A quick search of the internet reveals some document generation systems that are based on using a PDF as a template, then substituting content within the PDF. There is nothing wrong with generating documents in that way if it does everything that you need. However, when used with real data it is likely that you will soon find limitations.

Blog image

Figure 1 - A PDF created by substitution of text from a PDF template. There was not enough space, so some text is missing.

You can read more about why using PDFs as a template is problematic here.

Using DOCX files as a template solves this problem. The Apryse SDK is great at reflowing text in just the same way that Word does, making it an ideal tool for substituting text-markers in a template, and it also supports the text and paragraph formatting specified in the template. Even better, it does all of this without a dependency for Office or any other Word processing to be installed.

Seeing Document Generation in Action

Copied to clipboard

Before we go any further, let’s look at a live example of document generation from a DOCX template. This can be found here. It is written in JavaScript, but the principles of document generation are language agnostic. You can choose any template, and the program will query it for the tags, and then use those to create a form that allows you to enter data, which is then used to populate the template.

Blog image

Figure 2 - The online sample showing a dynamically generated data entry area.

So let’s see how we would do this in practice.

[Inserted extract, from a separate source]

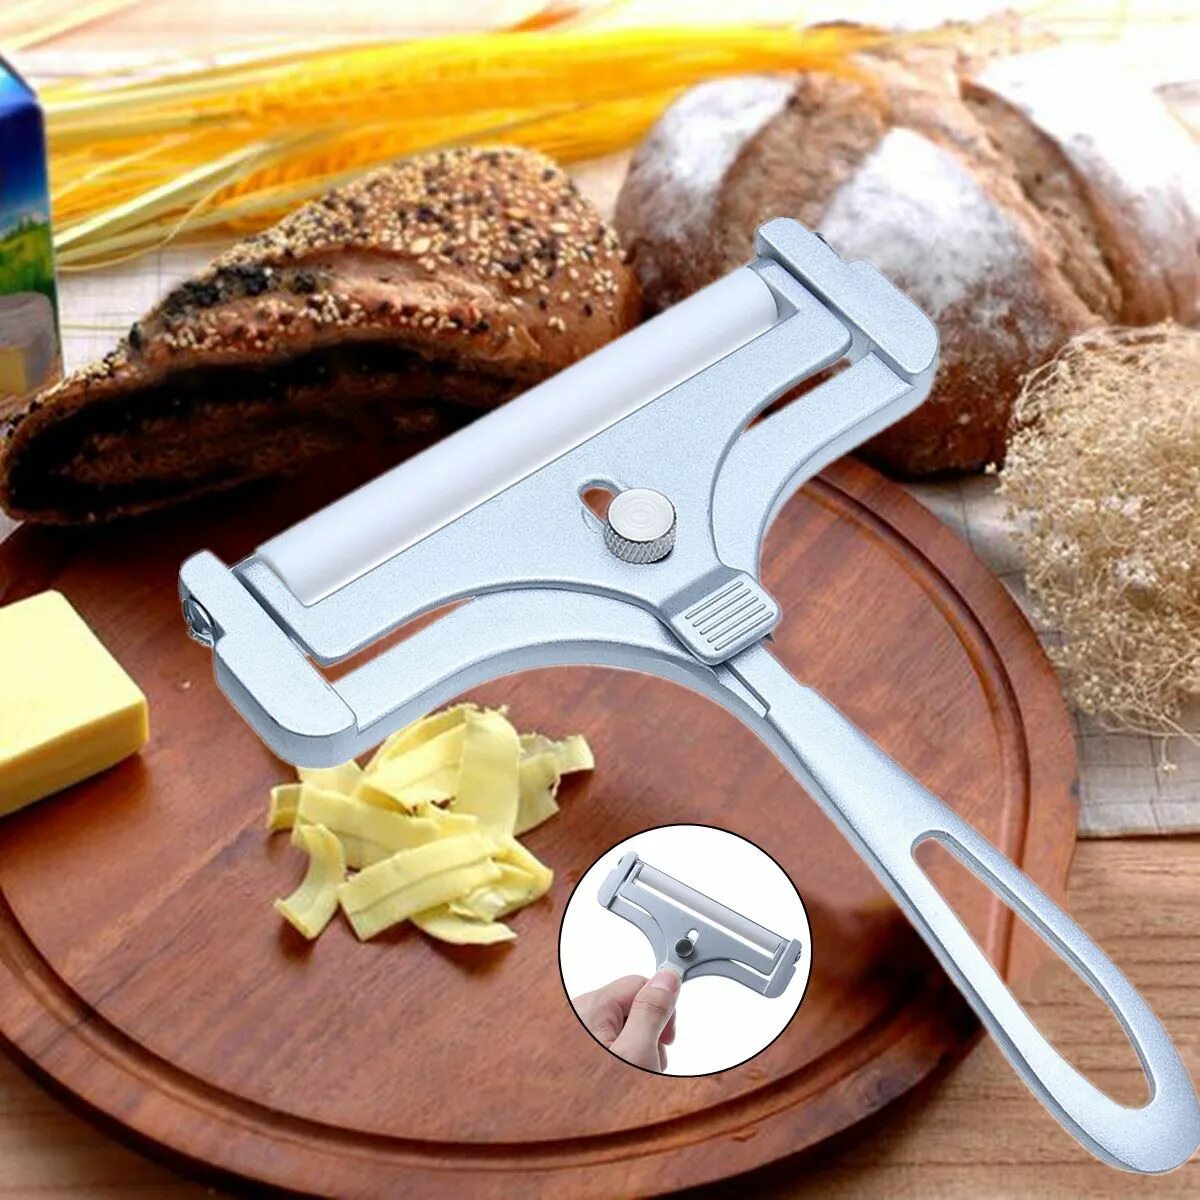 Сырорезка слайсер. Нож для нарезки сыра. Прибор для нарезки сыра. Нож слайсер для нарезки сыра. Слайсер для сыра купить

Overview of the Document Generation Process – From DOCX to PDF

Copied to clipboard
  1. Create a template in DOCX format. This can be done using markers (which Apryse refers to as ‘tags) to indicate where text should be located. In addition to single word replacement, tables with run-time row creation are supported as is some conditional logic. The method for creating templates is well documented, and can be performed by anyone that has an editor that understands the DOCX format.
  2. Gather the data that is to be used for the generated document. This does need to be in JSON format for the template filling to occur, but where you get that data from is limited only by your imagination – whether it is collected from a file, user input, a database or a RESTful API.
  3. Replace the tags with the real data using the Apryse WebViewer (or the Apryse SDK server side) to fill the template then display or save the resulting PDF.

In this article the code is based on the React sample. A few changes have been made can be found in the branch ‘template-fill-blog’ which you can get to here.

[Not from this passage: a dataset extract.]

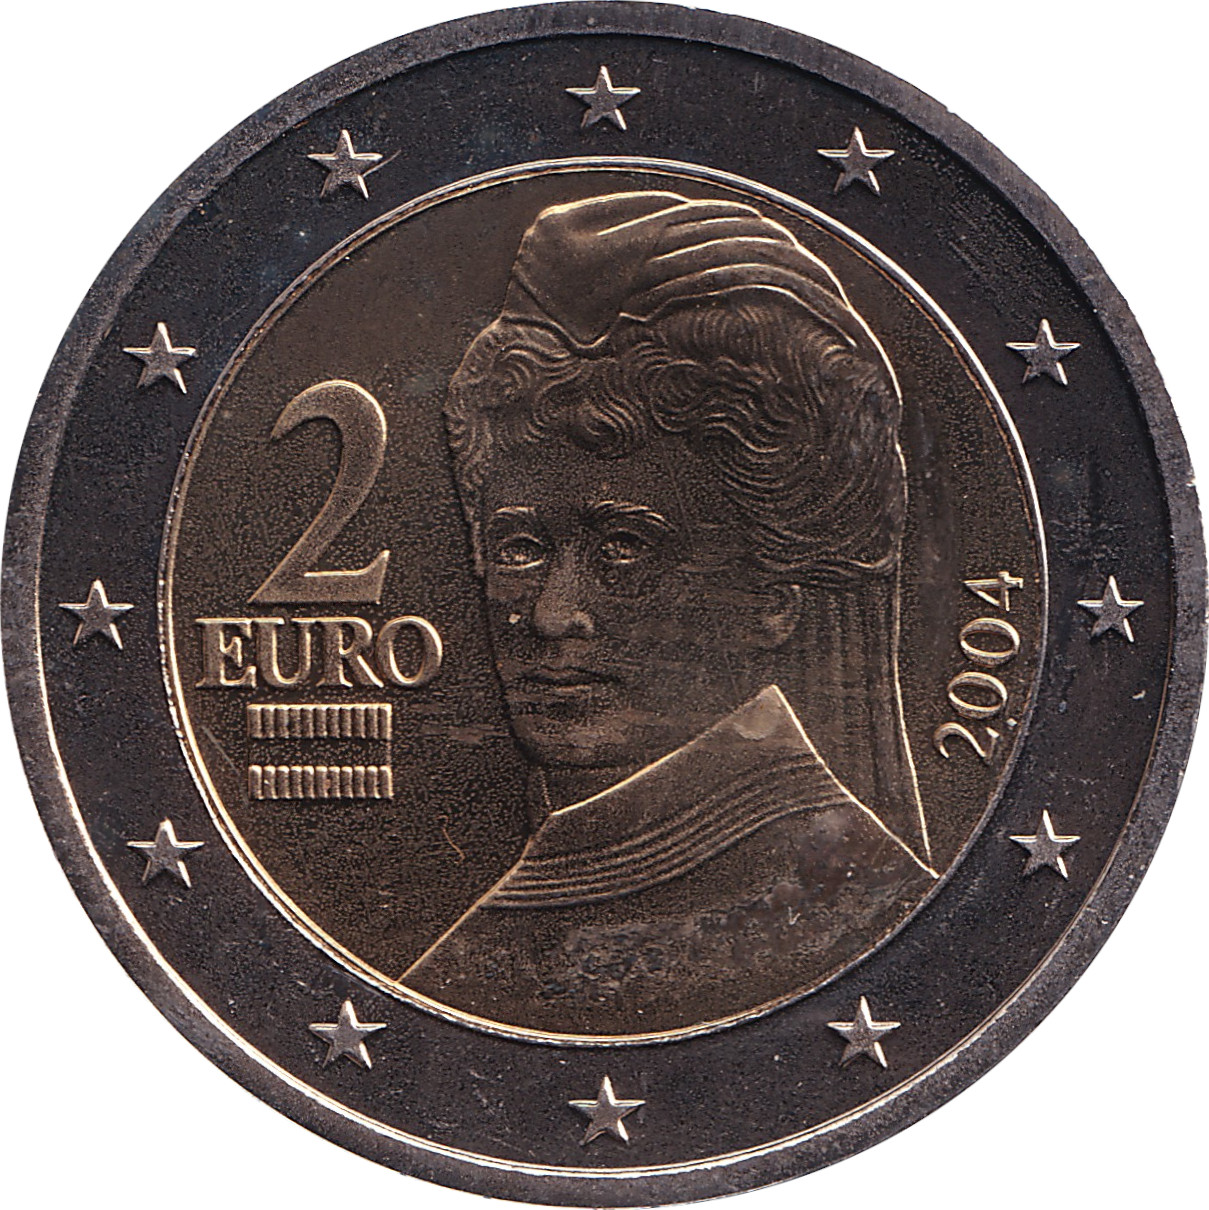 2 euro - Von Suttner

However, before we get to the code, we need to generate a template.

Want to learn more about report generation? See how Fluent can help.

Template Creation

Copied to clipboard

The template used in this example is a Word DOCX file, although other Office formats are also supported – it can contain any formatting, and any amount of text that you want. Furthermore it can contain any number of tags that should be filled when the PDF is created. Although it is a DOCX file, it doesn’t need to be created in Word – any editor that supports that format can be used.

The easiest way to understand the template is to look at one that already exists. Let’s look at the file ‘Quote.docx” which is included in the sample data, and which we will use to create a PDF document.

Blog image

Figure 3 - Part of the report template DOCX file.

The tags typically start and end with two curly braces (sometimes known as “mustache” braces). If necessary, it is possible to use a different delimiter, (for example if pairs of braces means something else in your document). You can find out more by asking on Discord.

In the image above there are a number of tags marked, for example {{COMPANYNAME}}, {{CUSTOMERNAME}}, {{CustomerAddressLine1}} and {{CustomerAddressLine2}}.

When we run the template these will simply be substituted with values from the JSON data source that match these names.

Setting Up a Multi-row Table

Copied to clipboard

While we could just use the template as it is, let's add a table to it, as that illustrates an important feature of SDK-DocGen – the ability to add multiple items to the document, when the number of items is not known when the template is created.

The initial location and format of the table is performed just as you would for any other table.

Specifying the data that should be shown in the rows of the table can be done in two ways – either within the template, or within the data.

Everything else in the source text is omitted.